8. In your corner: people matter. Loneliness is as much a threat to our longevity as smoking or alcoholism. Your success, wellbeing and performance are based on the people around you. People who buffer you from stress and whom you rely on for love, care and support. Understand who is in your corner and on your team. Be grateful for assistance and repay support you have received with your proactive support to others. There are four types of social support to select, blend and employ: 

  • tangible, help with the practicalities of life
  • informational, help solve a problem
  • esteem, emphasises people’s strengths and minimises their self-criticism
  • emotional, physical and emotional comfort, including generously giving someone your time and listening to their story. Listen more, speak less and ask how you can best support people

9. The gratitude attitude: remain grateful, savour the moments and use happiness as one of your tools for success. By appreciating your opportunities, you will experience gratitude every day. Intentional activities allow us to act on our circumstances – through our thoughts, plans, and behaviours, including be kind to others, maintain a sense of personal control and be grateful for your life and the people in your life.[iv]

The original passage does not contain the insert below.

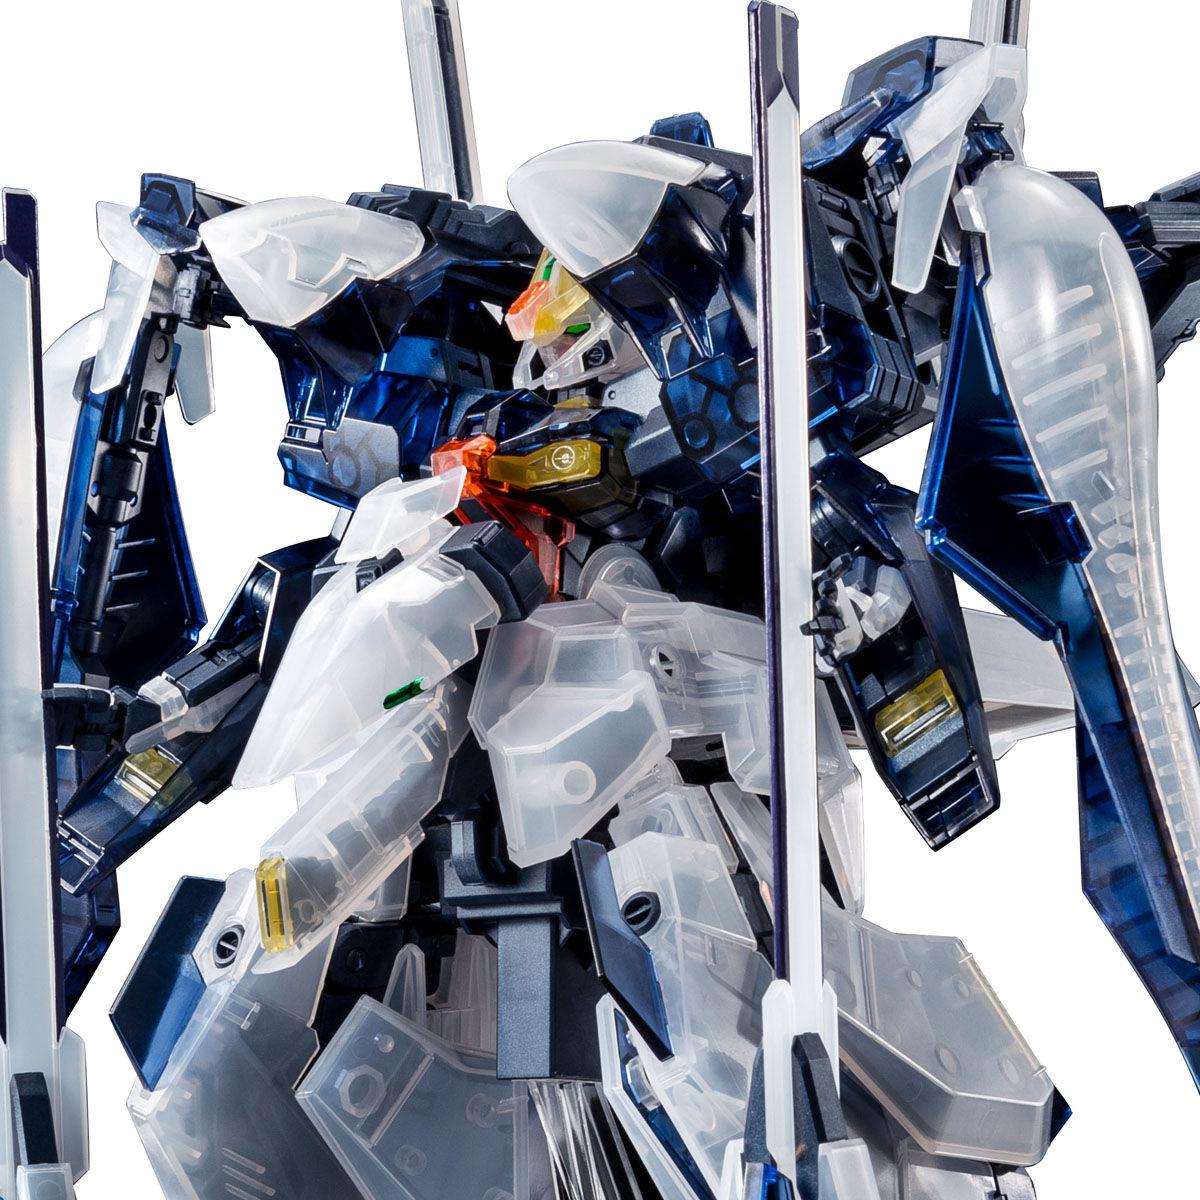 【限定販売】HG 1/144『ガンダムTR-6[ハイゼンスレイII・ラー][クリアカラー]』AOZ プラモデル-007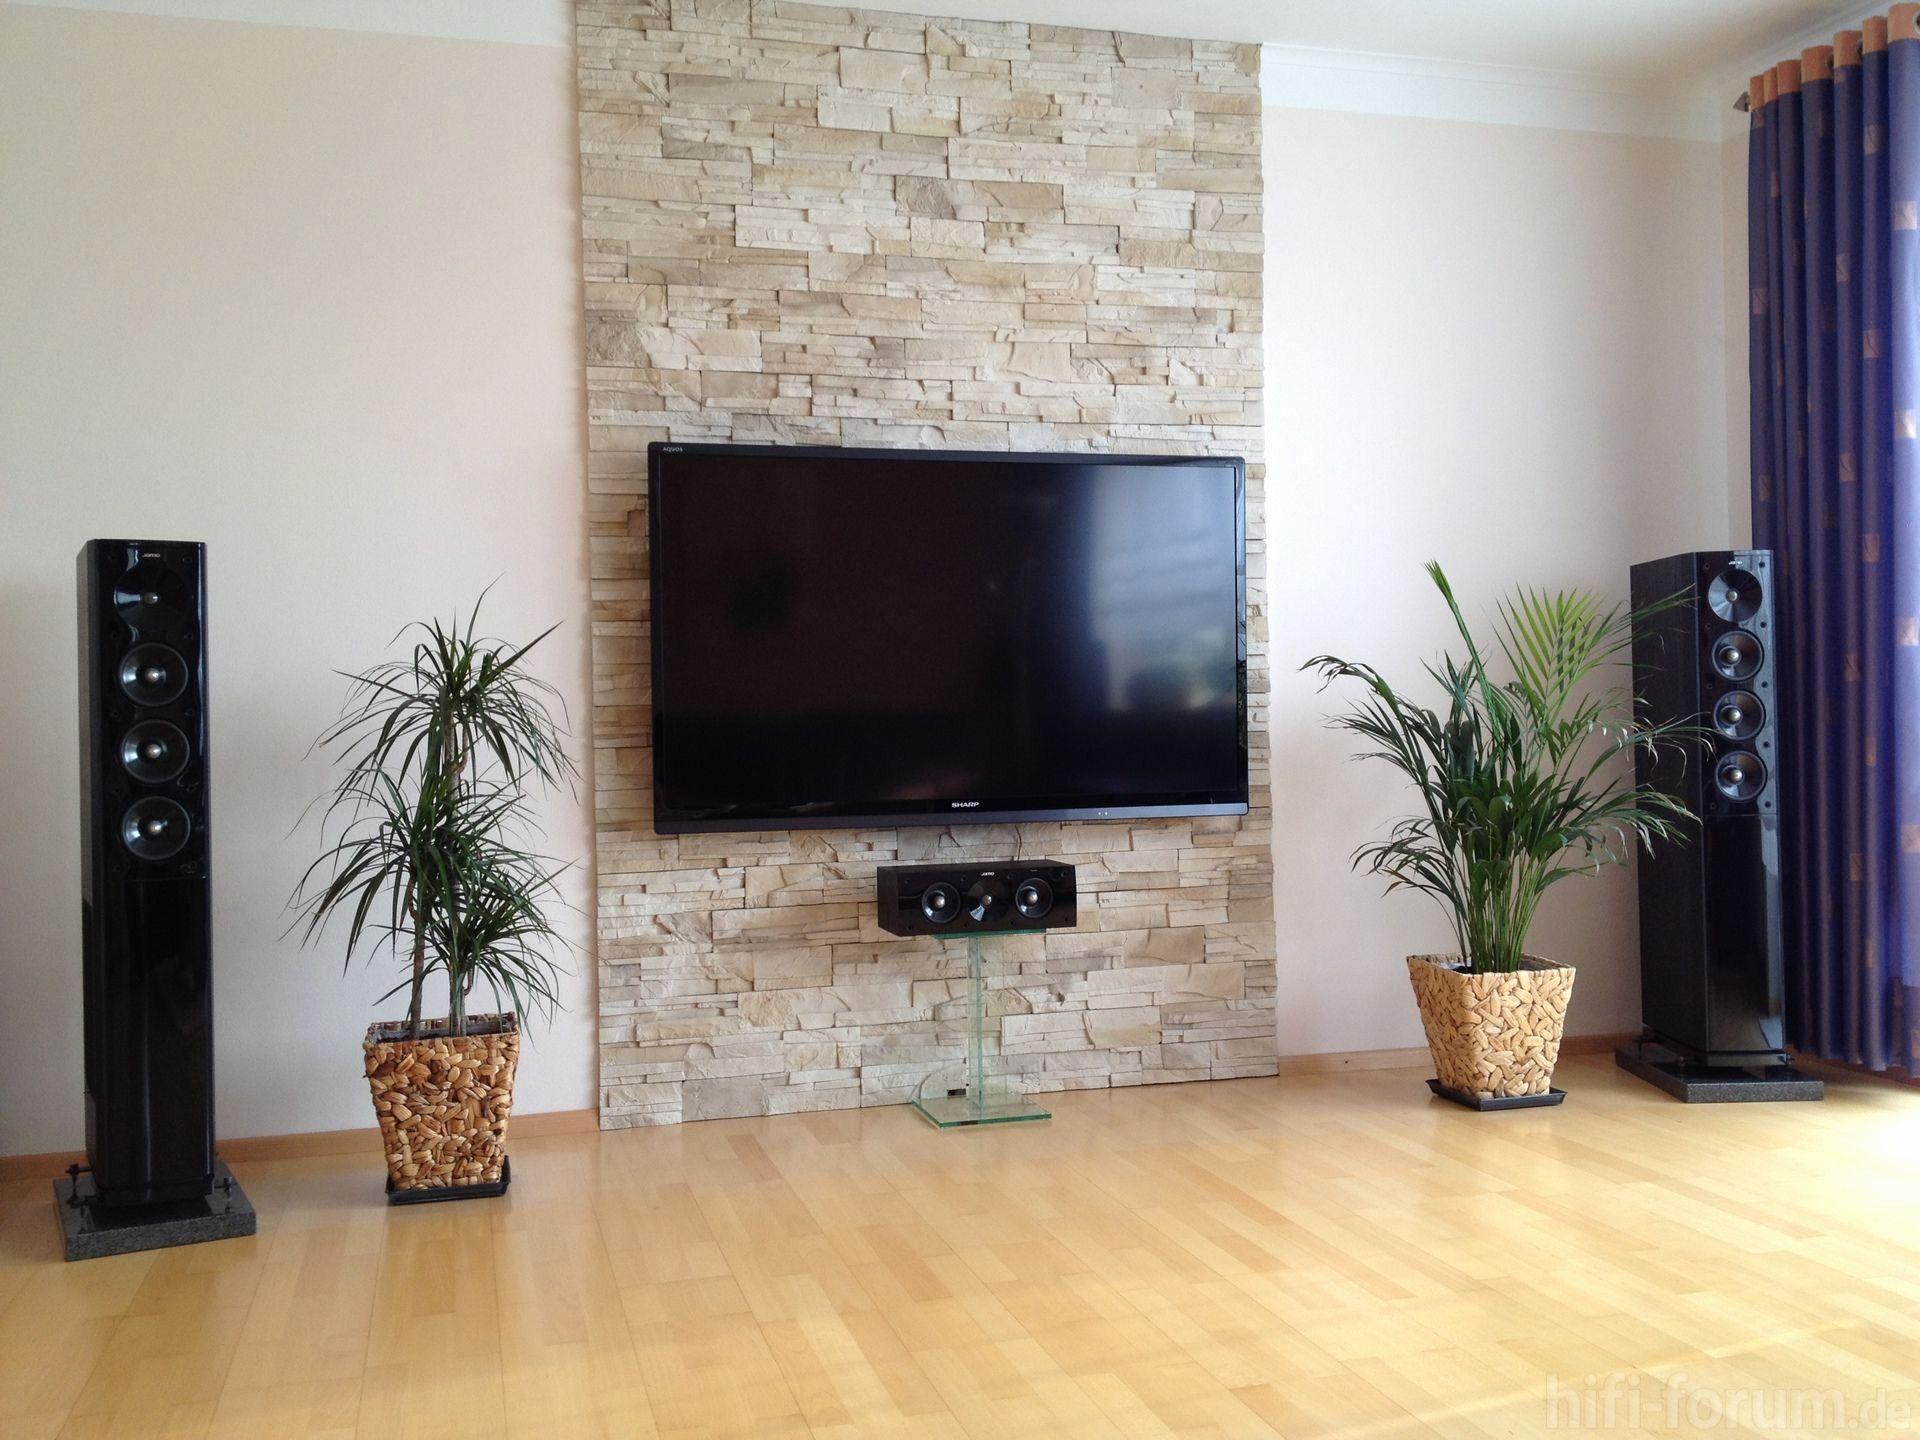 Konzept 43 Zum Fernsehwand Selber Bauen Steinwand Wohnzimmer Wohnzimmerwand Dekoideen Wohnzimmer

10. So it begins: understand the big picture. Savour your positive experiences. Share your talents with the world. Serve others. Enjoy the people, opportunities and experiences in your life knowing that every experience has an ending, yet through every ending comes a new beginning. 

Conclusion

The Elite is a contemporary publication for ADF leaders who seek innovation in human performance to examine, measure, test and empower our people to reach their personal, professional and cultural potential. While The Elite offers ‘knowledge and insights to the mental strengths of great athletes and teams’, Dr Lukins concludes that ‘success is possible for everyone’ and your success is ‘100% yours’. 

Human performance programs in the ADF are entering a period of change and transition to standardised best practice for our people. As occurred with Soldier recovery programs in 2015, our human performance programs are now ready to consolidate gains from innovators throughout Australia, and globally, as we work to enable peak performance for our people and their teams. 

Ultimately, The Elite articulates that people reach their own potential through deliberate plans, daily actions, persistence and connections. Ideally, the ADF’s human performance programs will reflect the simplicity of this message.  

The ADF’s newest workforce are ready for this change. They thrive in opportunities to excel and maximise their potential. As our workplace innovators, our newest workforce can enhance human performance through their day-to-day leadership and actions, enabling the ADF to engage, prepare, build and reform in defending Australia and our national interests.